DROGAS: POR QUE TEMER?


Além da inflação, o pagamento de contas no fim do mês e mais outras peculiaridades do cotidiano, uma das maiores preocupações dos pais de filhos adolescentes, são as drogas.

O mundo é perigoso, as tentações são as mais diversas e esta lá: nosso filho a mercê dos grandes monstros da civilização moderna.
Psicoestimulantes (atuam no cérebro potencializando as funções motoras e cognitivas como a cocaína, cafeína, nicotina, anfetaminas e o “ecstazy”); alucinógenos/perturbadores (perturbam a percepção e processamento de informações como o LSD, a maconha e chá de cogumelo); depressores (atuam no cérebro reduzindo os níveis de ansiedade e inibindo certas funções nervosas como o álcool, ansiolíticos etc).
E a pergunta é: Porque afinal nos “drogamos”, mesmo sabendo que essas substancias podem, quando abusadas, nos fazer mal e, mesmo sendo ilegais, as utilizamos?
A maioria das drogas de abuso, como são chamadas, atuam em uma região cerebral denominada pelos cientistas de “circuito de recompensa dopaminérgico”. Não pare de ler, por favor, tentarei explicar. Para entendermos este sistema cerebral, precisamos entender que diabos é o “prazer”.
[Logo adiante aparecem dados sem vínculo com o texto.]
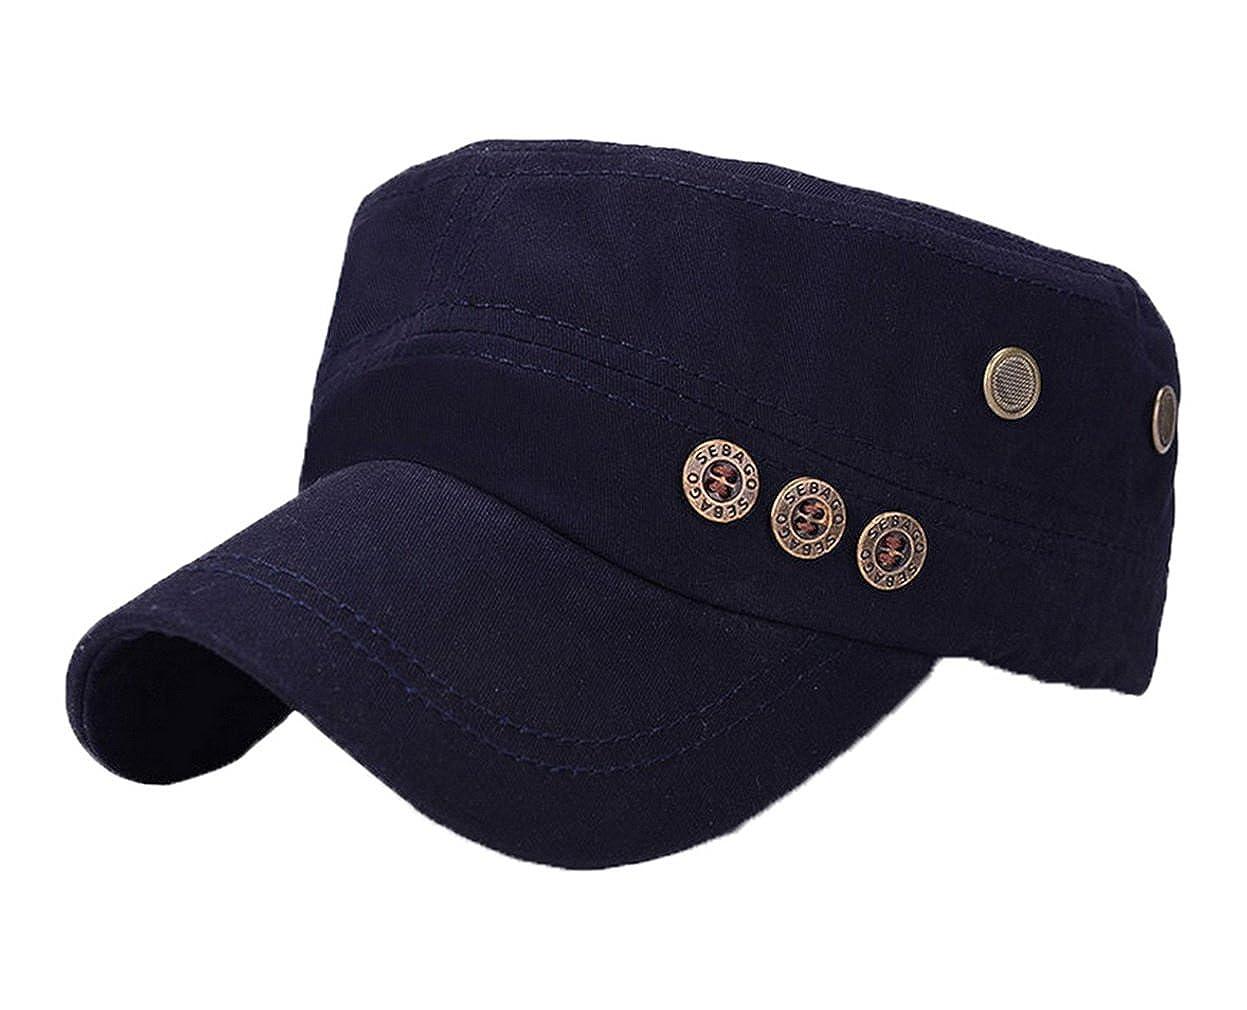 4f37da7dceb Amazon.com  COMVIP Unisex Flat Top Cap Button Plain Adjustable Baseball Cap  Army Green  Clothing

Para que serve o prazer que sentimos? Ora, temos prazer realizando coisas que de alguma forma nos fazem bem, por exemplo, fazendo sexo e realizando uma bela refeição. Sem sexo a espécie humana não deixa descendentes, e sem comida não há energia para nada. Então a natureza foi sábia. Já que existem tarefas que um ser não pode deixar de fazer, teremos então no cérebro uma recompensa, do mesmo modo que fazemos quando queremos recompensar alguém e damos uma moeda, carinho ou um salário. O cérebro nos dá a sensação subjetiva de prazer como recompensa. É o nosso próprio corpo dizendo a nós: “Olha, faça isso, que isso é realmente bom!”.
De uma maneira bem simples de se pensar, usa-se drogas para a obtenção de algum tipo de prazer. É uma forma relativamente fácil de obter um prazer que, na “natureza”, custaria muito. Esta aí o perigo das drogas. Elas dão extremo prazer ao usuário.
Com a freqüência de uso temos uma serie de acontecimentos como a tolerância (ter que usar maiores doses do que a inicial para proporcionar o mesmo efeito), a abstinência (quando não se usa a droga o sujeito é invadido de sensações desagradáveis) e também a compulsão (busca desenfreada pela droga, mesmo consciente do perigo de seu uso e abuso). O usuário passa então a buscar a droga para aliviar o desprazer. Situação bem estranha essa, não?
Deixando as definições de lado. Usamos drogas então para obter sensação de prazer e isso é comprovado por centenas de experimentos científicos lindos (quem tiver curiosidade me contate via e-mail). Usamos drogas também para evitar sensações de desprazer. O que fazer então?
Uma das sugestões é da OMS: A Organização Mundial de Saúde (OMS) reconhece que ações comunitárias podem efetivamente reduzir o consumo perigoso do álcool e outras drogas, de modo a reduzir a aceitabilidade do consumo abusivo destas no ambiente social e criando uma rede de informação sobre o risco do uso abusivo de tais substâncias. A OMS também informa os “10 fatos sobre a saúde adolescente” e entre eles temos que um quinto da população mundial é adolescente e 85% deles vivem em países em desenvolvimento, como o Brasil. Aproximadamente dois terços das mortes prematuras e um terço das doenças que afetem adultos estão associadas com condições ou comportamentos que começa na juventude, incluindo consumo de tabaco, falta de atividades físicas, sexo sem proteção e exposição a violência. Promover práticas saudáveis durante a adolescência poderá ocasionar uma vida mais longa e produtiva. A Organização ainda alerta para a grande quantidade de meninas grávidas, transmissão de doenças sexuais, má nutrição, doenças mentais (depressão, distúrbios alimentares, distúrbio do humor etc.) neste período, e dá direções para a prevenção de tais males por meio de ações comunitárias e culturais (http://www.who.int/).

Então, frente a esta contundente fonte de conhecimento, o que fazer?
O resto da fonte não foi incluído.